Он начал рассказывать мне еще что-то о владельце магазина подержанных вещей, но лицо его померкло, ребяческое выражение растаяло, оставив сухие морщины старости, углубившиеся и исказившиеся при звуке шагов Паулы, вошедшей в тот момент в комнату, и слова стихли, застыв у него в горле.

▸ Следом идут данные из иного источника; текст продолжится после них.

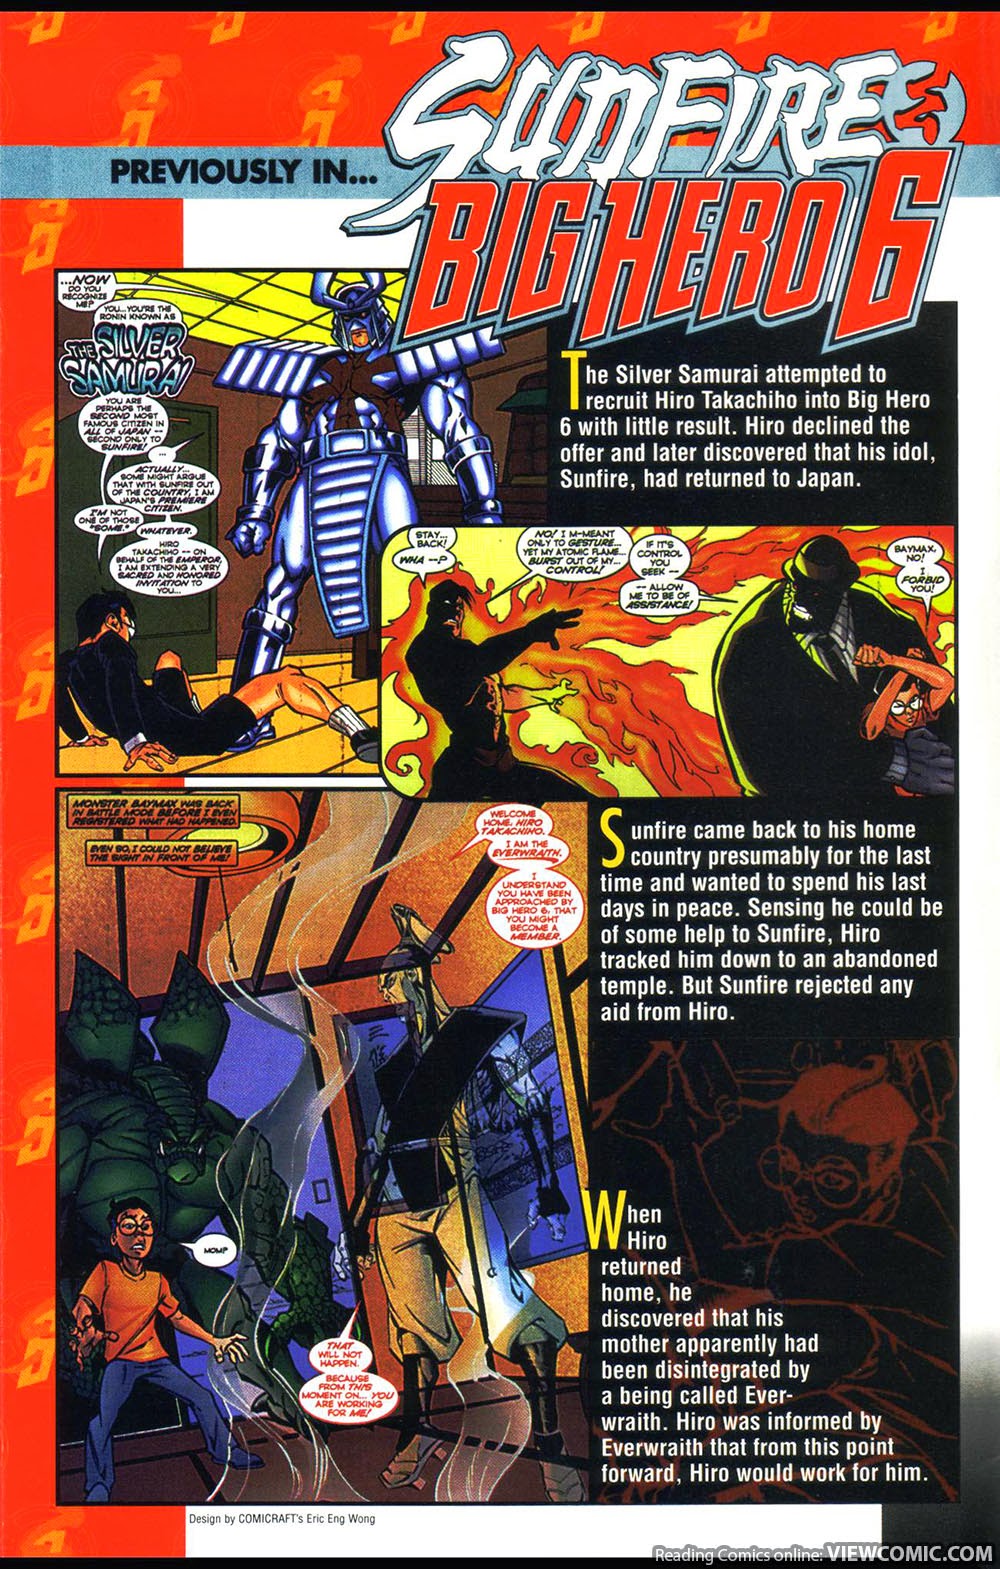 Sunfire Big Hero Six 002 | Read Sunfire Big Hero Six 002 comic online in  high quality. Read Full Comic online for free - Read comics online in high  quality .

Я думал, что больше уже никогда не услышу о перемещениях этой картины. Ведь в бессильной ярости, напавшей на него с приходом жены, доктор Шошан почти не заметил моего ухода и не ответил на мое прощание, и у меня возникло смутное опасение при виде надвигающегося приступа удушья, что вот-вот, в эту самую ночь, душа его отлетит. Однако на следующий день со своего балкона, где он сидел в халате, доктор Шошан со спокойной улыбкой подал мне знак зайти к нему. Он точно и явственно помнил, на чем прервался накануне вечером, и с того самого места, то есть с магазина подержанных вещей, продолжал рассказывать мне о перемещениях картины. Владелец магазина, к его изумлению оказавшийся не евреем, а одним из верных прихожан, не пропустившим ни одной его проповеди, захотел избавить его от хлопот по перевозке картины и настоял на том, что она будет отправлена со страховкой и под его ответственность в любое место, куда повелит высокочтимый господин пастор.